For each chunk processed, 3 cases are possible. They are described in the following sections.

Stream Chunk Processing

Stream chunks are associated to shared objects, for example a shared proxy. The configuration filter must first recognize this kind of chunk. The chunk is then passed to NetStreamManager to create the stream and generate two chunks, one for the client and one for the server. Theses chunks are added to the list of chunks to be processed. They are not directly passed to VR Juggler as they may not be local. For example the server is only instanciated on one host. The initial stream chunk is next added to the current cluster configuration.
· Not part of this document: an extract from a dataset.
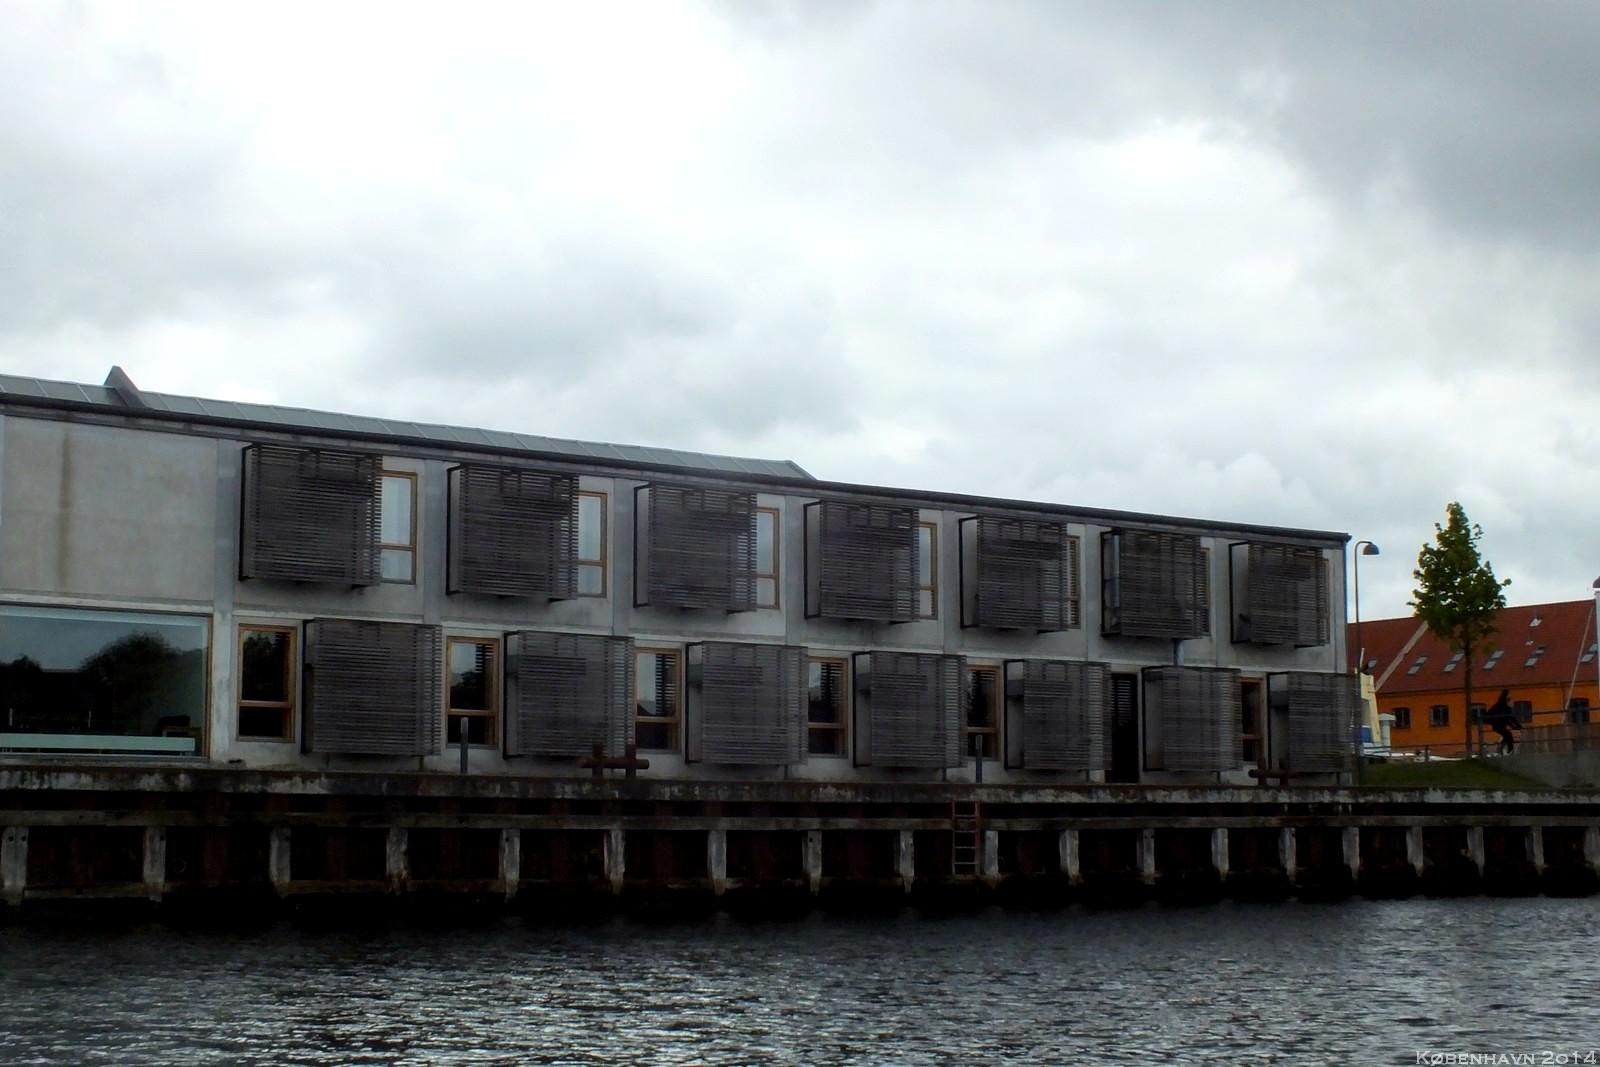 Kanonbådsvej, København, Denmark

\resizebox*{1\columnwidth}{!}{\includegraphics{UML/uml_chunkstream.eps}
}



Local Chunk Processing

To detect a local chunk, the filter uses the isLocal method, passing as argument the host parameter of the chunk. If the host parameter corresponds to "All" or to the local host name, it is added to VR Juggler's vjConfigManager pending chunk list. It is also added to the current cluster configuration.

\resizebox*{1\columnwidth}{!}{\includegraphics{UML/uml_chunklocal.eps} }



Non Local Chunk Processing

A non local chunks is a chunk that failed the preceding tests. If this chunk name also appears in the current local VR Juggler configuration, this means that it moved to a distant node. It must be removed from the the local VR Juggler configuration. It is next added to the current cluster configuration.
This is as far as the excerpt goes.